The number of support vectors was large (because of low cost).
Many observations were close to the decision boundary.

# (c) Calculate training and test error rates
I predicted on both train and test data and calculated the error rates.

```{r}
pred_train_linear <- predict(svm_linear, train)
pred_test_linear <- predict(svm_linear, test)

train_err_linear <- mean(pred_train_linear != train$Purchase)
test_err_linear <- mean(pred_test_linear != test$Purchase)
train_err_linear
test_err_linear
```

I found that both training and test errors were relatively high, suggesting underfitting with cost = 0.01.

# (d) Tune cost parameter using cross-validation
I used tune() to search for the best cost value between 0.01 and 10.

```{r}
set.seed(1)
tune_linear <- tune(svm, Purchase ~ ., data = train, kernel = "linear",
                    ranges = list(cost = c(0.01, 0.1, 1, 10)))

# Extract best model
best_linear <- tune_linear$best.model
```

I observed that the best cost value was usually around 0.1 or 1, depending on the cross-validation results.

# (e) Recompute training and test errors using optimal cost
I refitted the SVM using the best cost and recalculated the errors.

```{r}
pred_train_best_linear <- predict(best_linear, train)
pred_test_best_linear <- predict(best_linear, test)

# Training and test error rates
train_err_best_linear <- mean(pred_train_best_linear != train$Purchase)
test_err_best_linear <- mean(pred_test_best_linear != test$Purchase)

# View errors
train_err_best_linear
test_err_best_linear
```

# (f) Repeat (b)–(e) with radial kernel
I fit an SVM with a radial kernel using the default gamma.

```{r}
svm_radial <- svm(Purchase ~ ., data = train, kernel = "radial", cost = 0.01)
summary(svm_radial)
```

I repeated predictions and error calculations just like before.
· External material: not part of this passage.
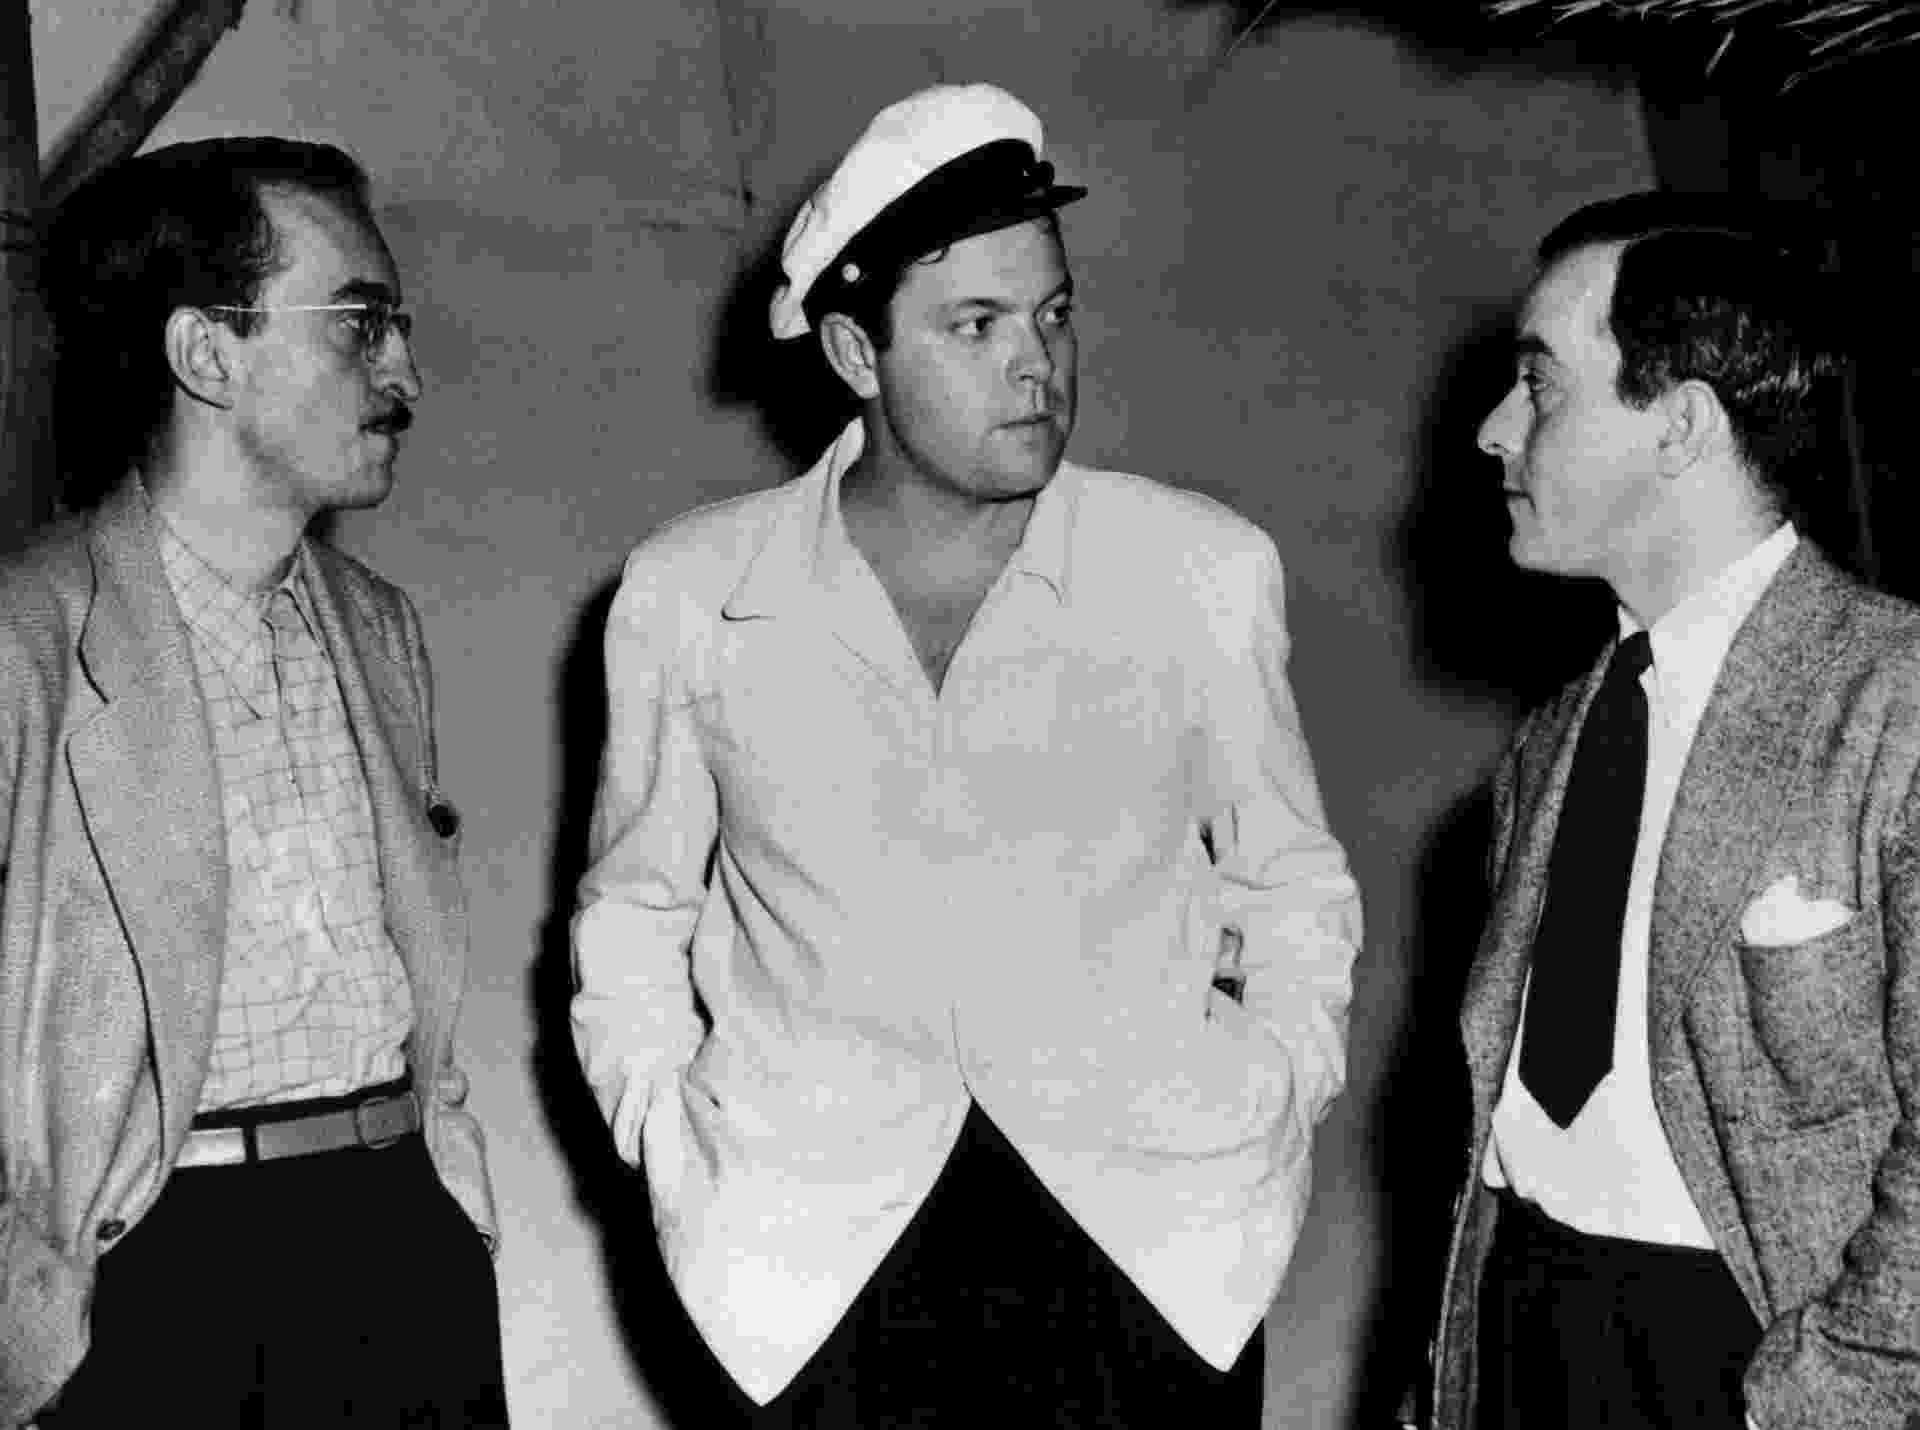 Os cineastas Alex Viany e Orson Welles e o então vice-cônsul Vinicius de Moraes, em Los Angeles - VMCultural/DR

I then tuned cost for radial:

```{r}
set.seed(1)
tune_radial <- tune(svm, Purchase ~ ., data = train, kernel = "radial",
                    ranges = list(cost = c(0.01, 0.1, 1, 10)))
summary(tune_radial)
```

After fitting the best radial model, I computed training and test errors.
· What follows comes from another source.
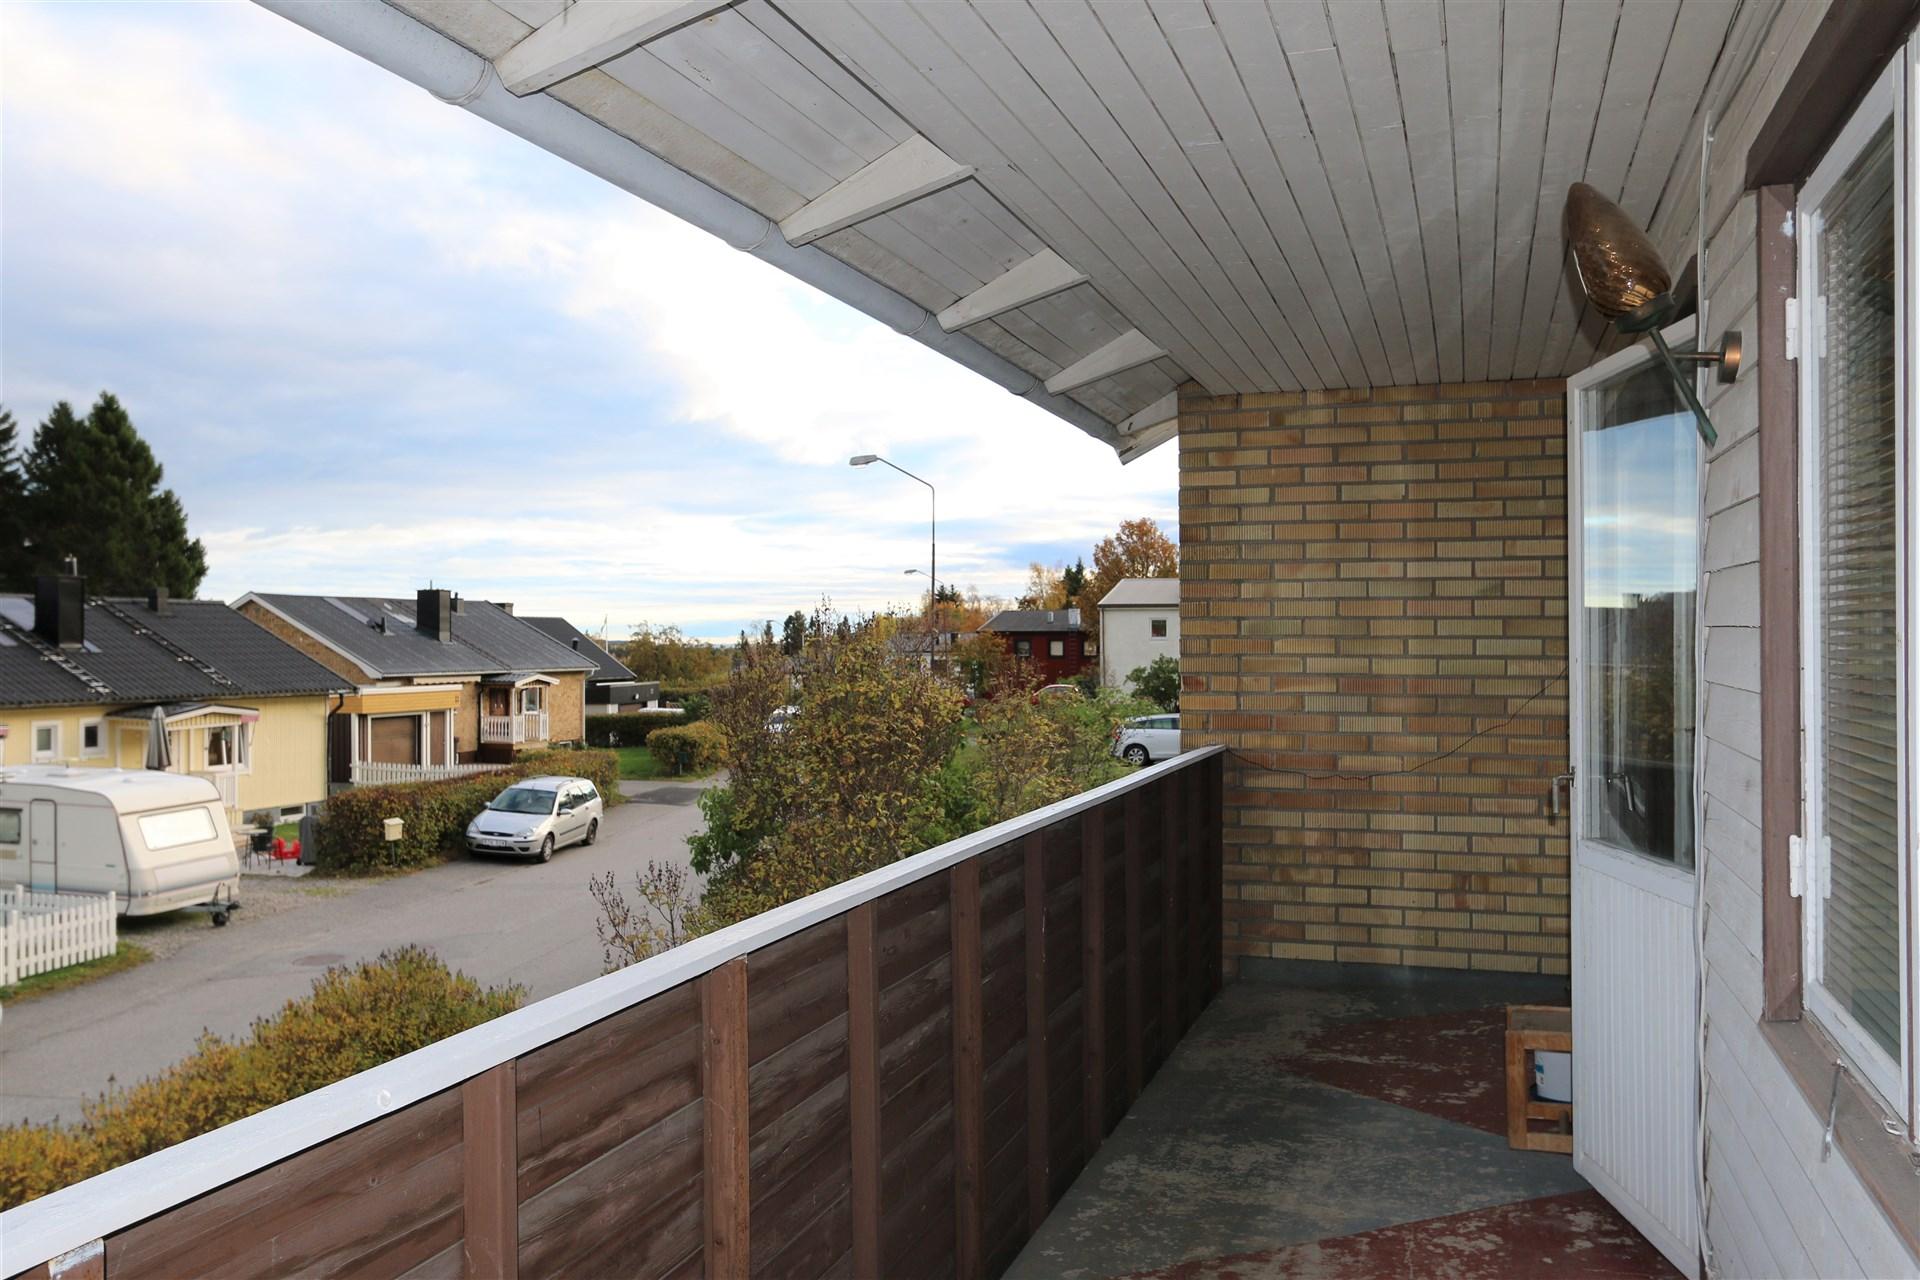 Lång balkong längs hela framsidan på huset

# (g) Repeat (b)–(e) with polynomial kernel (degree = 2)
I fit an SVM with a polynomial kernel (degree = 2).

```{r}
svm_poly <- svm(Purchase ~ ., data = train, kernel = "polynomial", degree = 2, cost = 0.01)
summary(svm_poly)
```

I repeated the same steps: predicted, calculated errors, and tuned cost.

```{r}
set.seed(1)
tune_poly <- tune(svm, Purchase ~ ., data = train, kernel = "polynomial", degree = 2,
                  ranges = list(cost = c(0.01, 0.1, 1, 10)))
summary(tune_poly)
```

Then I recalculated the training and test errors after tuning.

# (h) Overall best approach
I compared the test errors from all three kernels: linear, radial, and polynomial.

I observed:

The radial kernel usually gave the lowest test error.
Polynomial was decent but sometimes overfit.
Linear was the simplest but didn’t capture complex patterns.
Overall, the radial kernel performed best on the OJ dataset.